Including you, Chief Inspector
, thinks Schwartzberg lifting his spectacles for the final time.

Bliss's cellphone rings as he walks out of the terminal at Heathrow with his eyes on the Hertz office.

“Dave, I need your help,” says his son-in-law, wasting no time on pleasantries.

“You'll have to wait your turn,” Bliss replies before explaining his mission on Daphne's behalf.

“Hey. She could be onto something,” agrees Bryan, brightening momentarily before sinking again.

“Oh, Christ!” exclaims Bliss once he's heard the dismal prognosis. “What the hell do you expect me to do?”

“Just give me a few days, Dave,” pleads Bryan. “No. I've got to get back to my book. I'm down to the last forty or fifty pages.”

“Please… Dad. It's for a good cause.”

“This isn't bloody fair. And cut out the ‘Dad' crap.”

Amelia Drinkwater has visibly shrunk by the time that she opens her front door to Bliss the following morning. Three anxiety-filled days have weighed heavily on the sixty-something widow, and the state of her hair tells Bliss that she is losing her grip.

“Come in…” she says, opening the door before he has a chance to knock.

“David,” he reminds her.

“Yes, David… Come in,” she carries on and, as he follows her through the gloomy entrance hall towards the sitting room, Bliss realizes that most of the gloominess is emanating from the deflated woman herself.

“I've been thinking about what you told me,” she says, waving him to a soft armchair. “And I just wanted to let you know that you're obviously confused.”

You didn't bring me all this way just to tell me that
, he thinks as he perches on the edge of a chair, but he knows that she will take her time.

“I'm not sure,” he says, on safe ground. “Only I understand that there are only two children's coffins in the family vault, but my mother… Janet lost three children.”

“How do you know that?” she questions, rising quickly.

“Sources,” he says.

Then she picks up a degree of defiance. “And what else do your sources tell you, David?”

Bliss has an ace in his pocket and he nearly draws it out, but his hand closes as he decides to play her a little further. “Do you think I look like my… like Mr.
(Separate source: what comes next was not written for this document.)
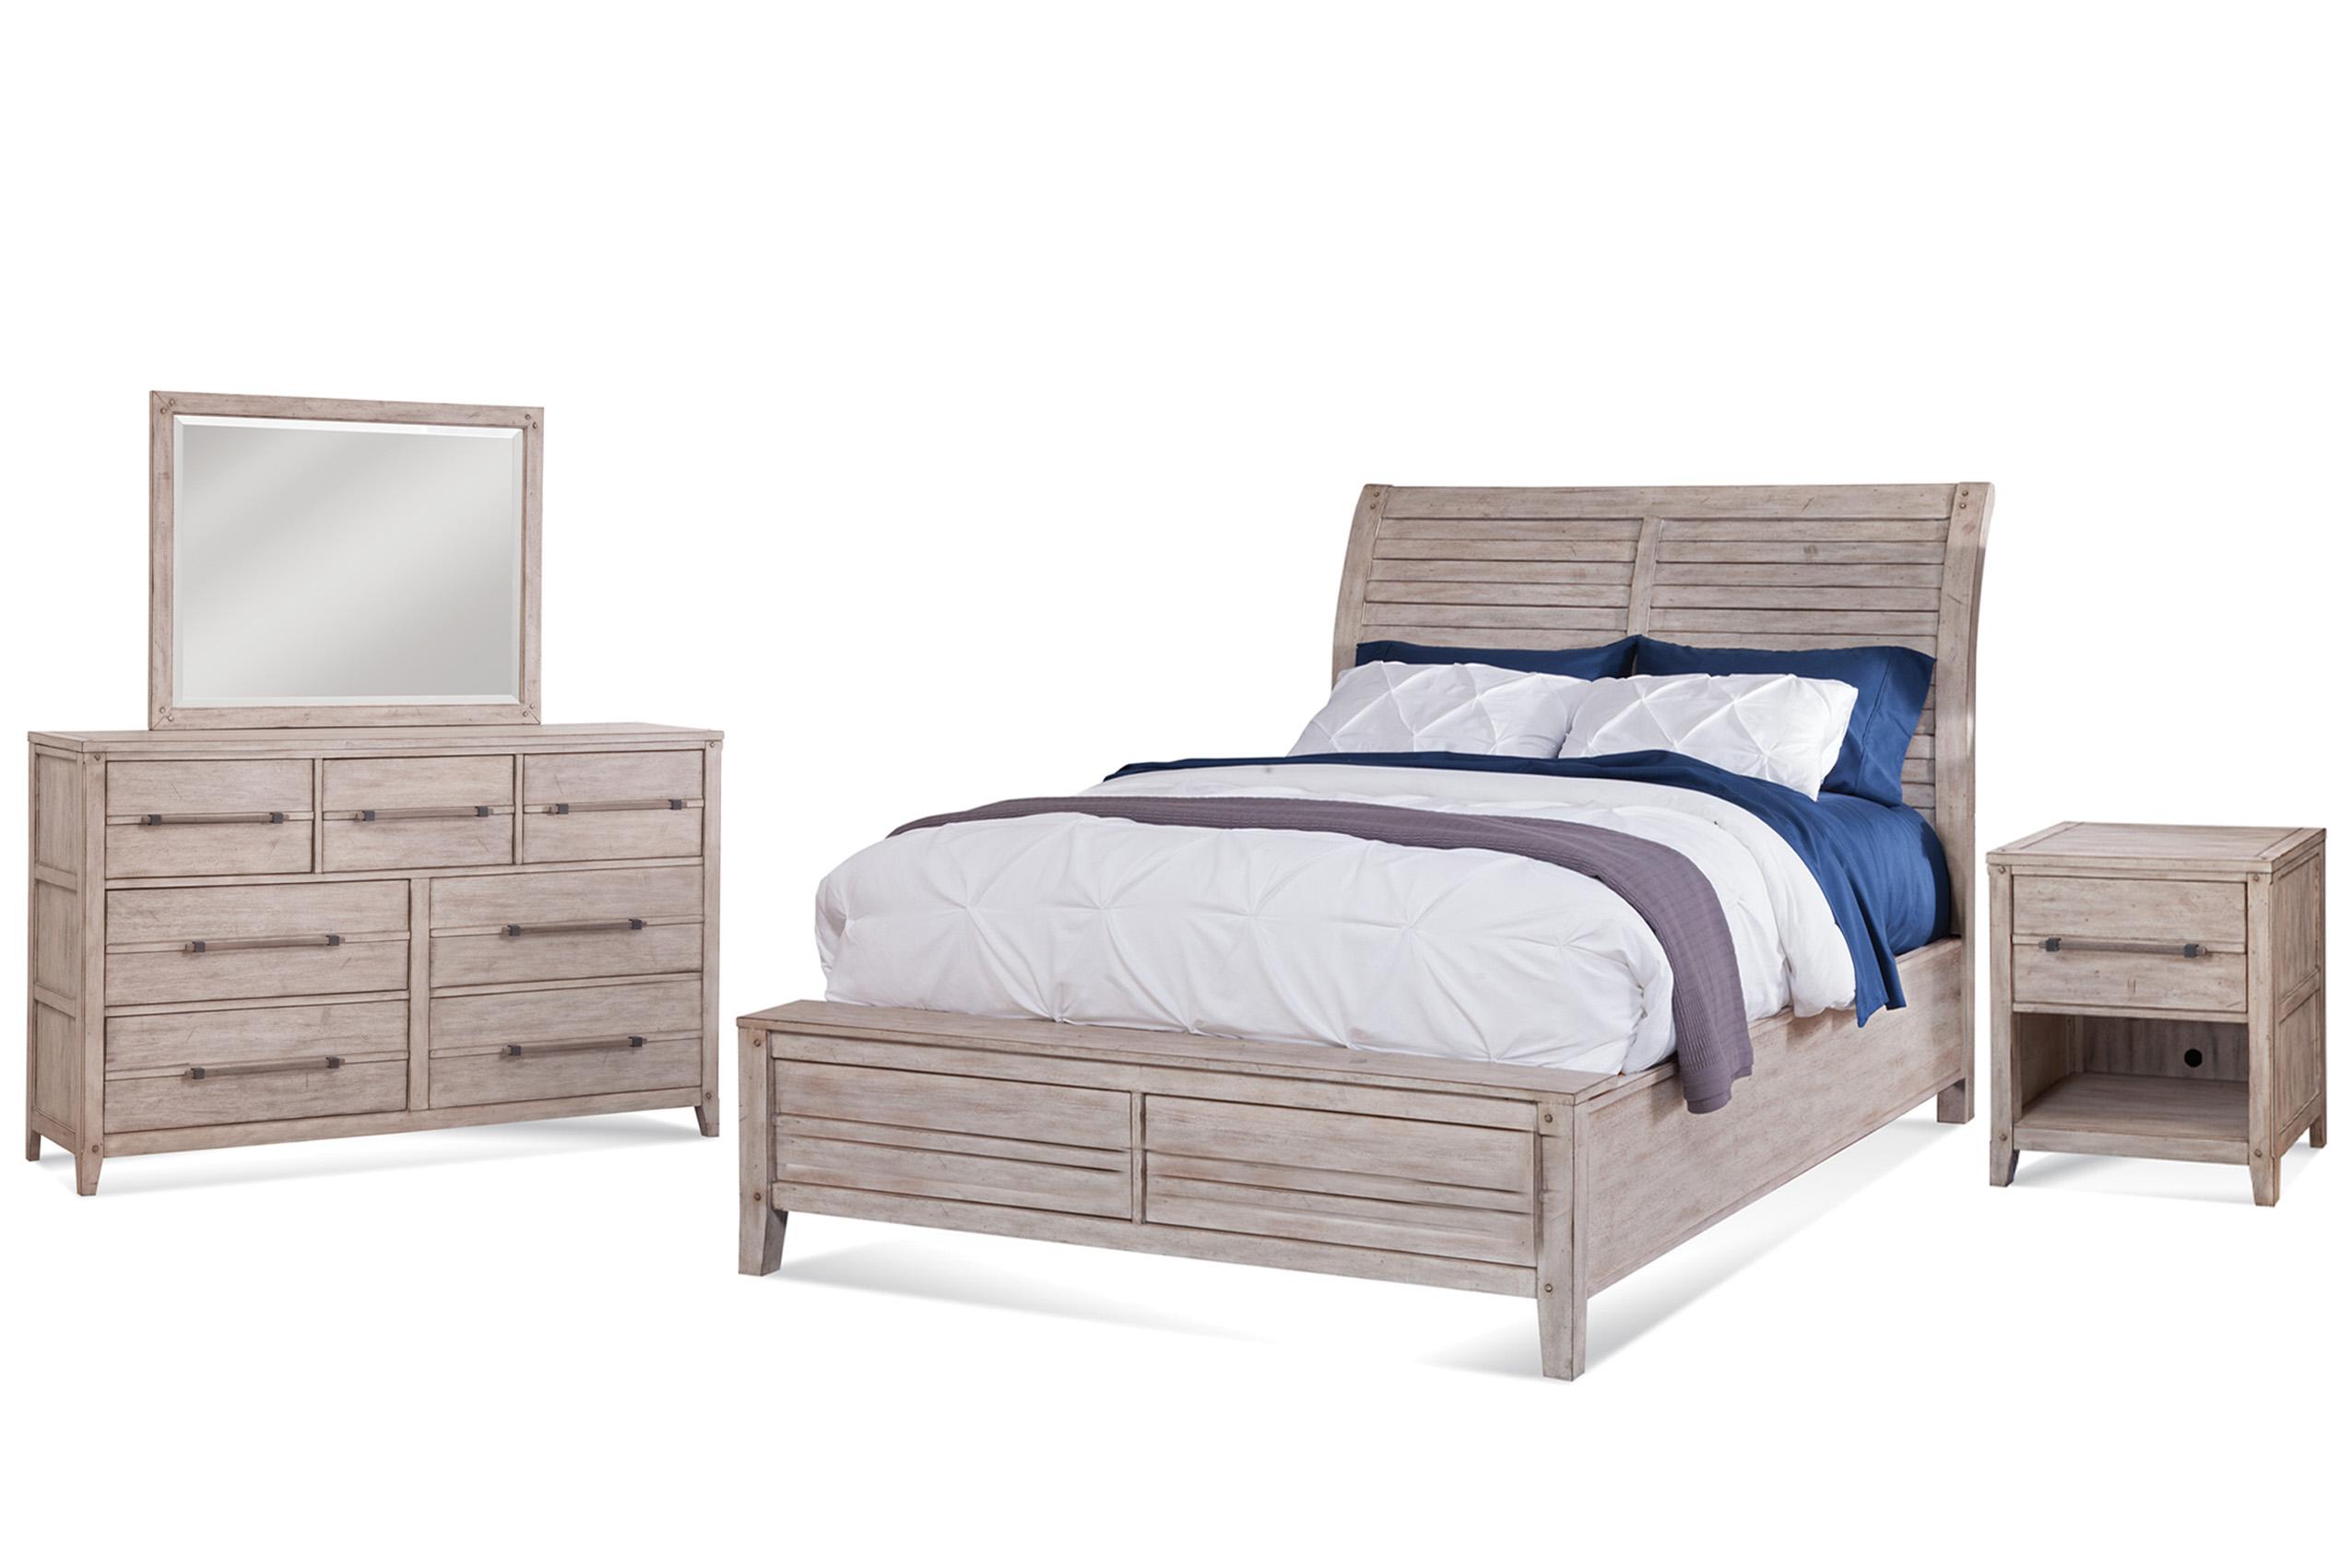 Classic, Traditional Sleigh Bedroom Set AURORA 2810-50SLP 2810-QSLPN-4PC in whitewash

Creston?” he asks, knowing that physically he is not far away from the tall, manicured executive whose permanent tan marks him as a well-travelled man.

Amelia Drinkwater looks deeply into his face, and he can tell from the softening of her eyes that she sees what he wants, but she holds back. “Not particularly,” she lies, but the wobble in her voice gives her away.

Now for the coup de grace
, he thinks as he rises with deliberation and peers out of the window into the garden.

“Actually, there is something else,” he says slowly, building the moment, and then he draws the document examiner's report from his pocket together with Doctor Symmonds' bogus medical record and spins on her.

“This can't be true…This can't be true,” she mutters repeatedly as she reads the report, but Bliss keeps prodding.

“You see — Doctor Symmonds just copied the symptoms from Giuseppe's death.”

“But he was dead. He was dead.”

“No.”

“He was, I… I…”

“You what, Amelia?”

“I…”

“What?”

“It was in the paper.”

“Was it? Are you sure? Do you have it?”

“Yes… No… You're confusing me.”

“How do you know I was dead, Amelia? How can you be certain?”

Fifty years of guilt finally sink her and loosens her tongue. “Because I kill—”

“You killed me,” he prods, and she realizes with a jolt that she's gone too far.

“Obviously not,” she says, relaxing with a touch of a smile. “I obviously did not,” she adds and a flush of colour rushes back to her cheeks as she believes that the burden she's carried most of her life has been lifted. “I couldn't have done, or you wouldn't be here would you?”

“Correct,” says Bliss sitting back down and eyeing her critically. “But you thought you had, didn't you?”

The colour drains again as a dark memory drags her back more than forty years to the warm August night she crept past Creston Hall to Janet's house and slipped through an open window into the baby's room, but now,
faced with apparent evidence of her failure, she has no choice but to question what happened.

“I think my father… Joseph Creston… knew that someone wanted to hurt me,” answers Bliss without pointing at the woman in front of him. “So they got me out of the way and pretended I was dead.”

chapter seventeen

D
aphne Lovelace is wearing her flounciest hat a couple of hours later as she and Bliss meet Ted Donaldson for lunch at the Mitre Hotel in Westchester.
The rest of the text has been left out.